And then, the strangest recipe of all, for Medieval Pea Soup with Ginger, Saffron & Almonds, pops out at me. It was adapted from the 14th century chef Taillevent, by James Peterson in his Splendid Soups: Sweat onion and ginger in butter. Add blanched peas, roasted blanched almonds and chicken broth. Bring to a simmer and cook a few minutes. Puree, then press through a food mill. Thin with broth and season with saffron soaked in water and a little almond extract. Yum. Though the poor tender subtle pea may get lost in this mélange without an expert touch.

It seems that my pea column is ending. I head out to the garden and find that, indeed, Lysander shall have his peas this weekend. I am pleased.

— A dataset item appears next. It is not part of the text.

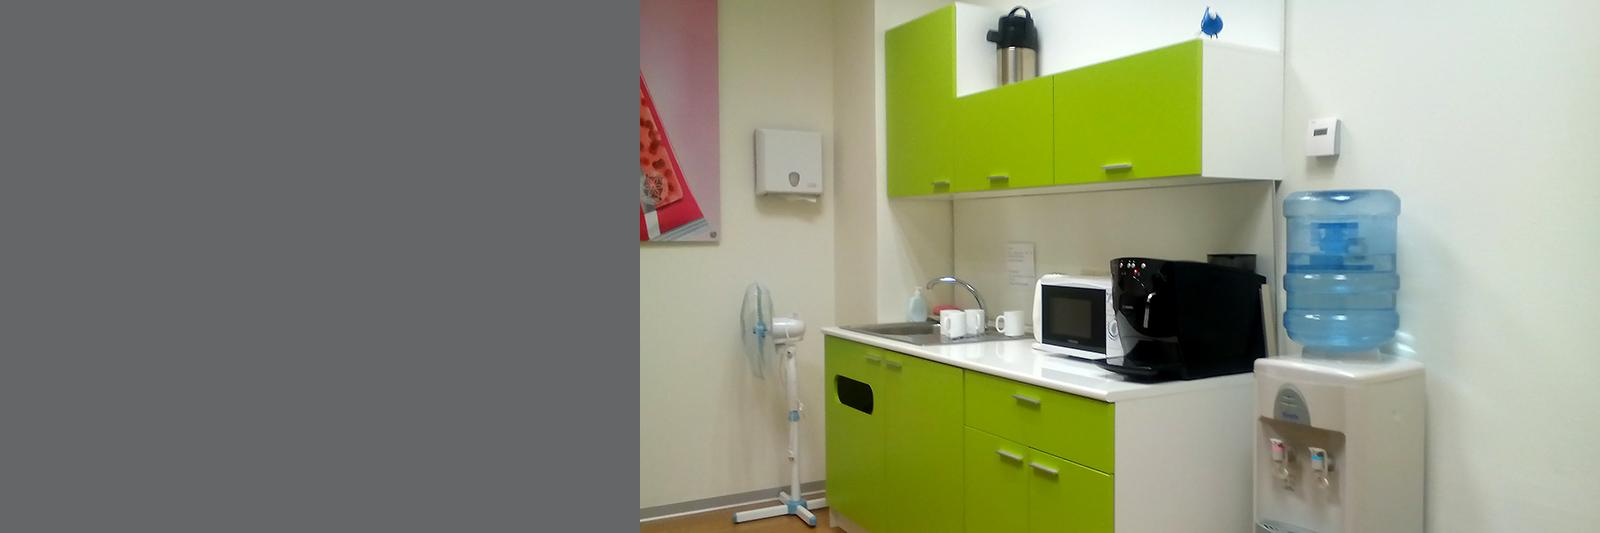 Мини кухня для офиса на заказ
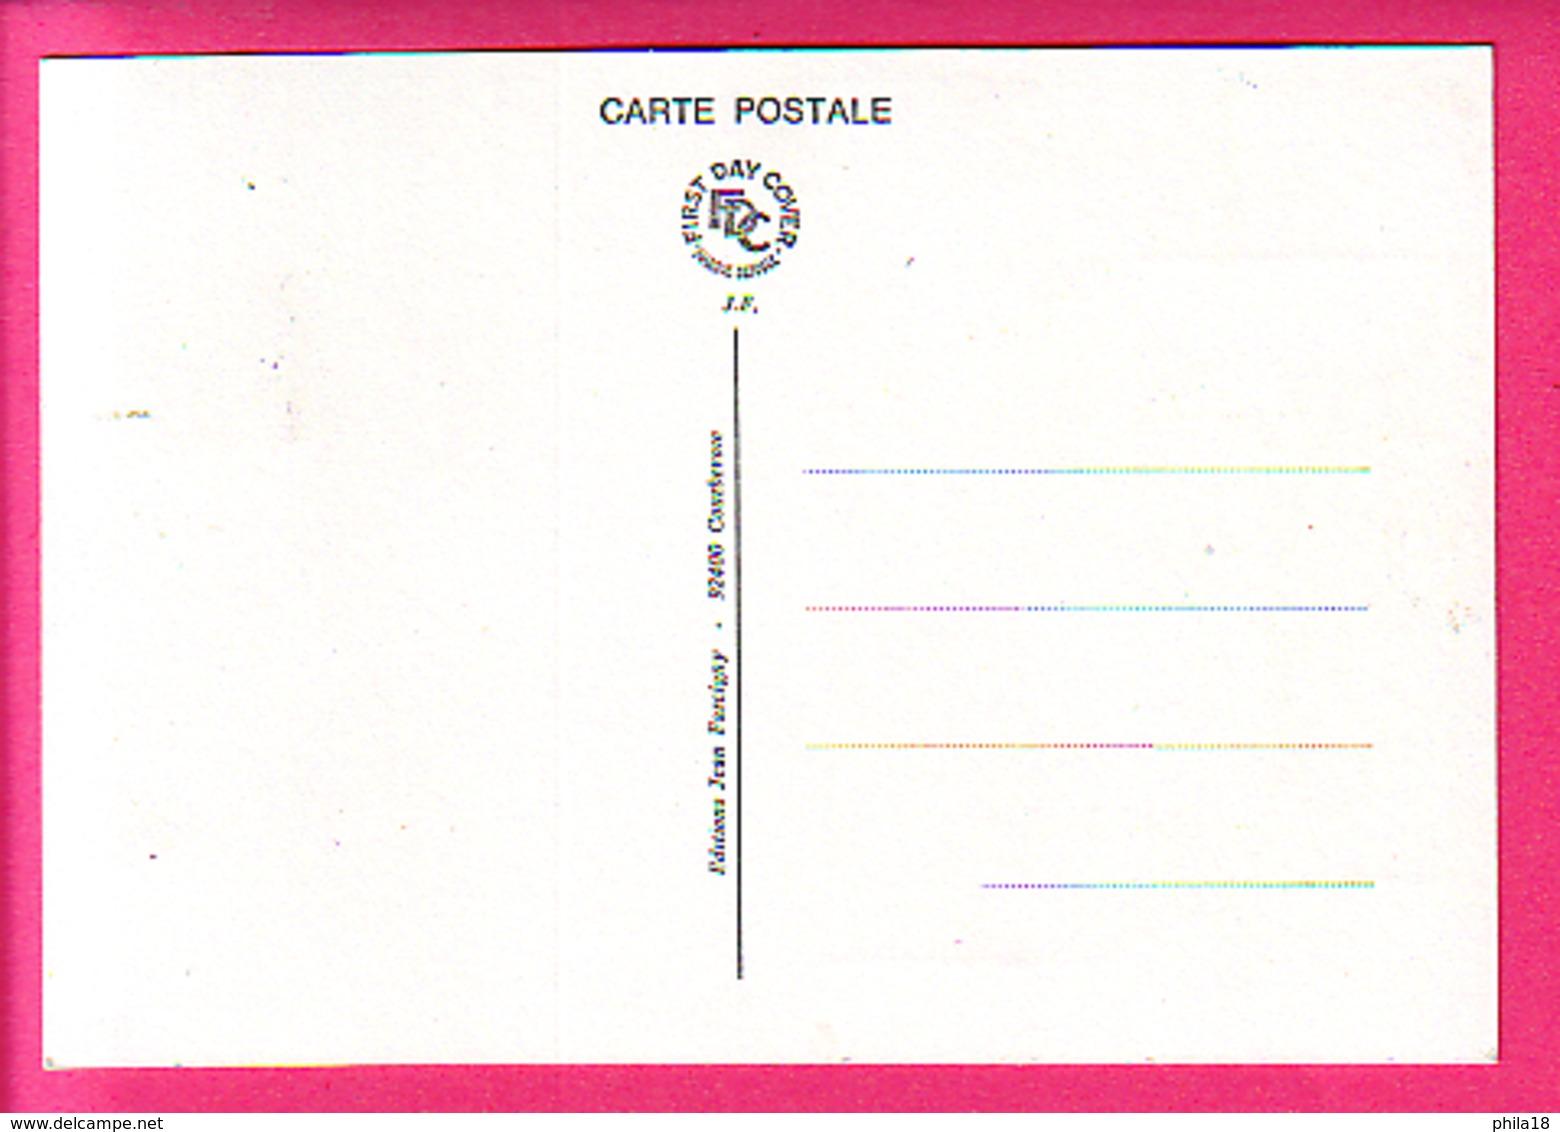 CYCLISME - CYCLING - VELO : TOUR De FRANCE 1979 *** Saint-Priest Ville étape ** Carte + Oblitération Illustrée 1979 - Cycling

While I’m in the garden I gather the makings for A Garden Sandwich:

Take two slices of good bread. Butter one slice and mayo the other. Lay slices of crisp, fresh radish on the buttered side. Sprinkle with sea salt. Lay thin slices of tomato (if you have it) upon the radish. Sprinkle with salt and pepper. Strew with sliced shallots or green onions, or green rounds of Egyptian onions. Smother with a mound of mixed fresh lettuce and herbs — I like lettuce, arugula and a few fronds of cilantro. Cover with the mayo'd bread and eat it on a shady porch with fresh lemonade or hot green tea. Carnivores could sprinkle the tomato layer with crumbled bacon, but not too much. It doesn't need it.

I take my summer sandwich and sit on the porch, waiting for Lysander.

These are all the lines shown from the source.